To suggest that such activities B don't exist, or that we never choose them, is to suggest that (at least some) human beings are entirely "subjectively rational", i.e. always make the choice they believe to yield optimal future benefit. If you know any such person see if you can gather up a few hair samples so we can clone him!

Comment author: michael_b 22 February 2015 06:43:19PM *  0 points [-]

Alright, let's say I agree that in the space of all possible activities there exist some pleasurable activities that have zero future utility.

Couldn't we die at any minute? Given this, shouldn't we always do the pleasurable thing so long as there's no negative utility and no opportunity cost because there's a small chance it'll be the last thing we do?

Doesn't choosing the beautiful vacation that evaporates when it's over have the benefit that if we die in the middle of it, life was just that much more pleasant?

I guess I don't understand why someone would choose not to take the vacation.

Comment author: eternal_neophyte 20 February 2015 05:32:50PM 3 points [-]

What I mean is "this is what I think he intended".

Comment author: michael_b 22 February 2015 03:11:29PM 0 points [-]

Understood. In that case, I disagree on this point.

most of us choose to indulge in pleasures that have no future utility (and in some cases have negative future utility) all the time. We eat junk food, watch TV, waste time watching cat videos. Things that would not obviously be missed if they could not be got.

Are you sure there's no future utility? Doesn't resisting these useless but pleasurable activities deplete the ego? Doesn't depleted ego lead to bad decision-making?

This is not to say that every time a parole judges eat a brownie it's because they're trying to protect their ability to make sound decisions, merely that I don't agree that it's the same as taking a vacation that totally evaporates when it's over.

Comment author: eternal_neophyte 17 February 2015 10:27:53PM 9 points [-]

If I were Kahneman and I had posed that riddle, I would object that the entire point of the thought experiment is to consider the activity as being of no future utility whatsoever. Just observing the way people behave every day, most of us choose to indulge in pleasures that have no future utility (and in some cases have negative future utility) all the time. We eat junk food, watch TV, waste time watching cat videos. Things that would not obviously be missed if they could not be got.

Comment author: michael_b 20 February 2015 10:01:58AM *  2 points [-]

If I were Kahneman and I had posed that riddle, I would object that the entire point of the thought experiment is to consider the activity as being of no future utility whatsoever.

Sorry, I don't follow you. If you were Kahneman you would have posed the riddle differently? Or are you saying that I'm unfairly describing it?

Comment author: DanielLC 17 February 2015 08:09:48PM 1 point [-]

I think it might be better to remove the other effects. If you could pick between having fun and remembering having fun, all else being equal, which would you choose?

Comment author: michael_b 20 February 2015 10:00:45AM *  0 points [-]

So,

  1. you can have an amazingly beautiful night that you don't remember the next day
  2. you can have a memory implanted that you had an amazingly beautiful night that never actually happened

which do you choose?

I like this because 1 has the benefit of being closer to the actual human experience.

Comment author: shminux 17 February 2015 09:12:44PM 1 point [-]

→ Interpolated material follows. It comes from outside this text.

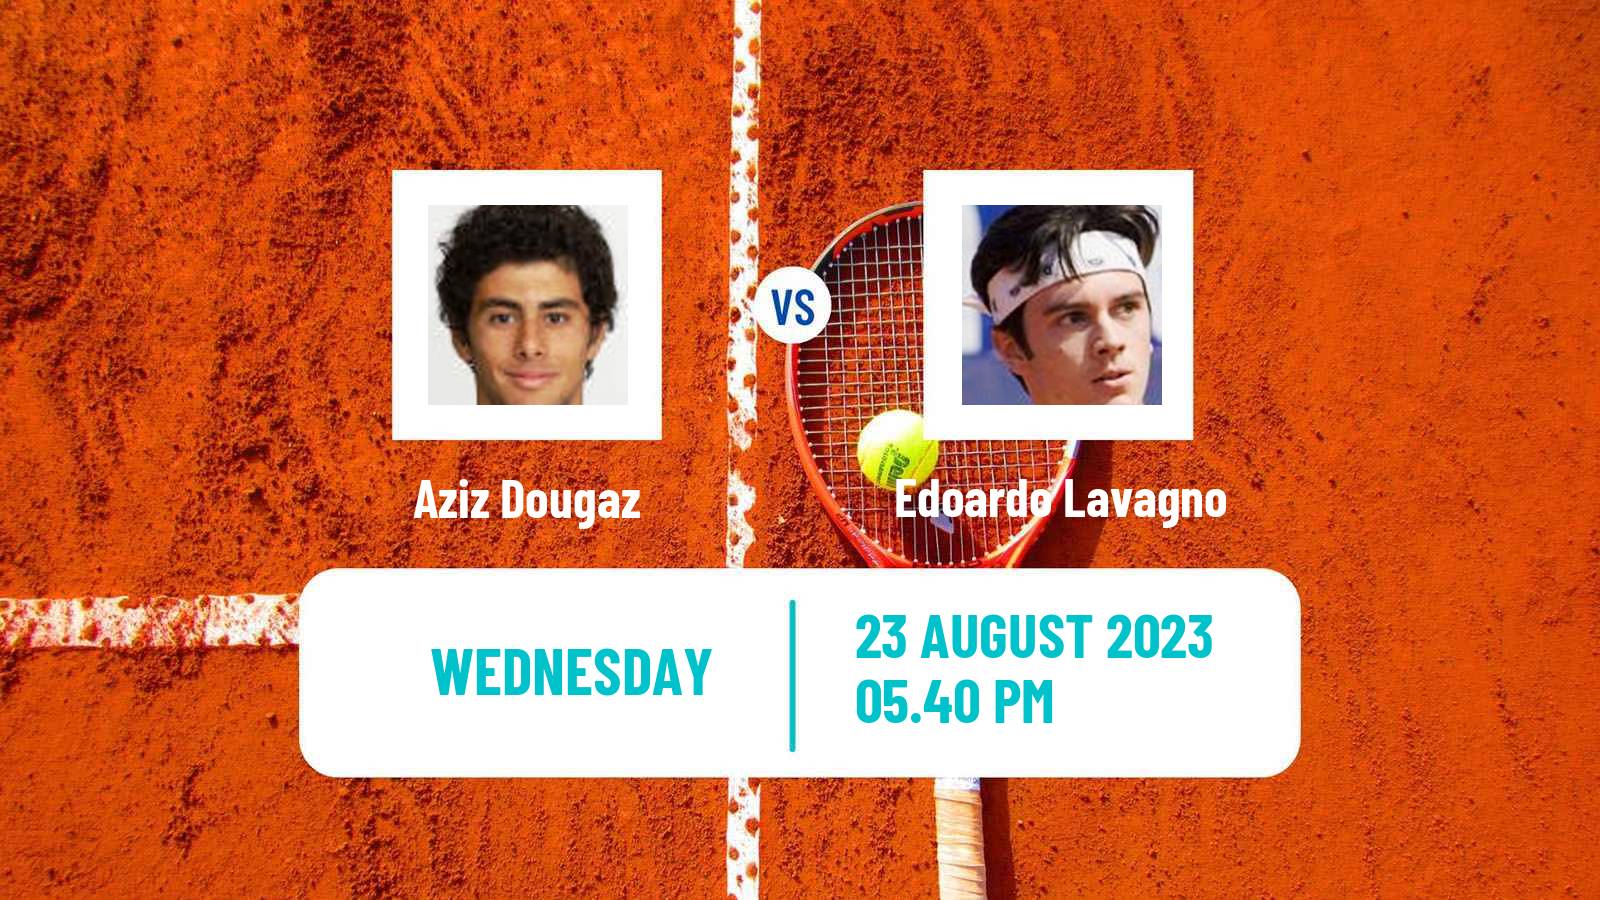 Tennis ATP US Open Aziz Dougaz - Edoardo Lavagno

Another way to think about it: suppose your timeline is forked, and in one fork you go on vacation. That timeline is subsequently terminated, after "the experience" happens. Leaving aside the moral issues of terminating a timeline (say, you have no choice in the matter, laws of physics force it, etc.), would you want the fork to happen? This should be easier to deal with, as it has zero consequences for the other timeline.

Comment author: michael_b 20 February 2015 09:56:16AM *  0 points [-]

Yes? What are the consequences of not letting the fork happen?